(Stored data entries)
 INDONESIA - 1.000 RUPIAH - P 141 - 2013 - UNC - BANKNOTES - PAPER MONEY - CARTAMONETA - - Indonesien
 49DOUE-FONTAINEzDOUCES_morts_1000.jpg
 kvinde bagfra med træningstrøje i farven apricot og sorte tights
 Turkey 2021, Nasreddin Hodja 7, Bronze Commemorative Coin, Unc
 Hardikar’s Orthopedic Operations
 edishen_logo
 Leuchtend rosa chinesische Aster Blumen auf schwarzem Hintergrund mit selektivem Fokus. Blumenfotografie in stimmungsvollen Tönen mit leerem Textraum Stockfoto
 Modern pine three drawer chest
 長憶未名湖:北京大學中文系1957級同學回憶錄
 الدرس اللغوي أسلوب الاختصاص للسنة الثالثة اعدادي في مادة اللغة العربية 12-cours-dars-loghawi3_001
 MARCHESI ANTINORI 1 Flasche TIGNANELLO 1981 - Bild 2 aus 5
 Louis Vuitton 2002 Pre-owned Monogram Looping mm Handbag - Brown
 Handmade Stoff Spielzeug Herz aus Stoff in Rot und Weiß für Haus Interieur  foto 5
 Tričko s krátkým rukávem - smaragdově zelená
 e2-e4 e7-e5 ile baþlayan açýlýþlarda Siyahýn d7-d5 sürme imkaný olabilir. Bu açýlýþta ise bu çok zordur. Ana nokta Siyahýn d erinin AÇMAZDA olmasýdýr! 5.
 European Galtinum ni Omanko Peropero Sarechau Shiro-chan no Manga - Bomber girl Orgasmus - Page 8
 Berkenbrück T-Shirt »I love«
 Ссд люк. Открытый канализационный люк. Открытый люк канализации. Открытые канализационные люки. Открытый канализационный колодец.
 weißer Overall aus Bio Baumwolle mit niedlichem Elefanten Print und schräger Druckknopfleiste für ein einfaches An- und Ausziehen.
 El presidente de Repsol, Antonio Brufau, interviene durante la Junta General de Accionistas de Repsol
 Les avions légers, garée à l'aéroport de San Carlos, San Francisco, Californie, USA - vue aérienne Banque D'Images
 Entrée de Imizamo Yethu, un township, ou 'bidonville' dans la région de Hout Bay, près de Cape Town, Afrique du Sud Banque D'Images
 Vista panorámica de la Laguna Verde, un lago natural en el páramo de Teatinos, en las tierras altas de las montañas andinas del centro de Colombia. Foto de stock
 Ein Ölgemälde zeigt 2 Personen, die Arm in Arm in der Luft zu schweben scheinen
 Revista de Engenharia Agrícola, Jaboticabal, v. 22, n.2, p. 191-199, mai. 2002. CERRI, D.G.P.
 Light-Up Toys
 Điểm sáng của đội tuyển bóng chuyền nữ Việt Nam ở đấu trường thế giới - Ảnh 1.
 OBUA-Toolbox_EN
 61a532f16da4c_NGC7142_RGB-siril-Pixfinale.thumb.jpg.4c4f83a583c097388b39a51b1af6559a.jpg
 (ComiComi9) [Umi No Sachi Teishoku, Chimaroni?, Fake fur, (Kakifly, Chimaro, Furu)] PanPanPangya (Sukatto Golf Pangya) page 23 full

EXERCISE BRIEF :: Your task is to copy each line of the data above that holds "Images".

EXERCISE OUTPUT ::
 Les avions légers, garée à l'aéroport de San Carlos, San Francisco, Californie, USA - vue aérienne Banque D'Images
 Entrée de Imizamo Yethu, un township, ou 'bidonville' dans la région de Hout Bay, près de Cape Town, Afrique du Sud Banque D'Images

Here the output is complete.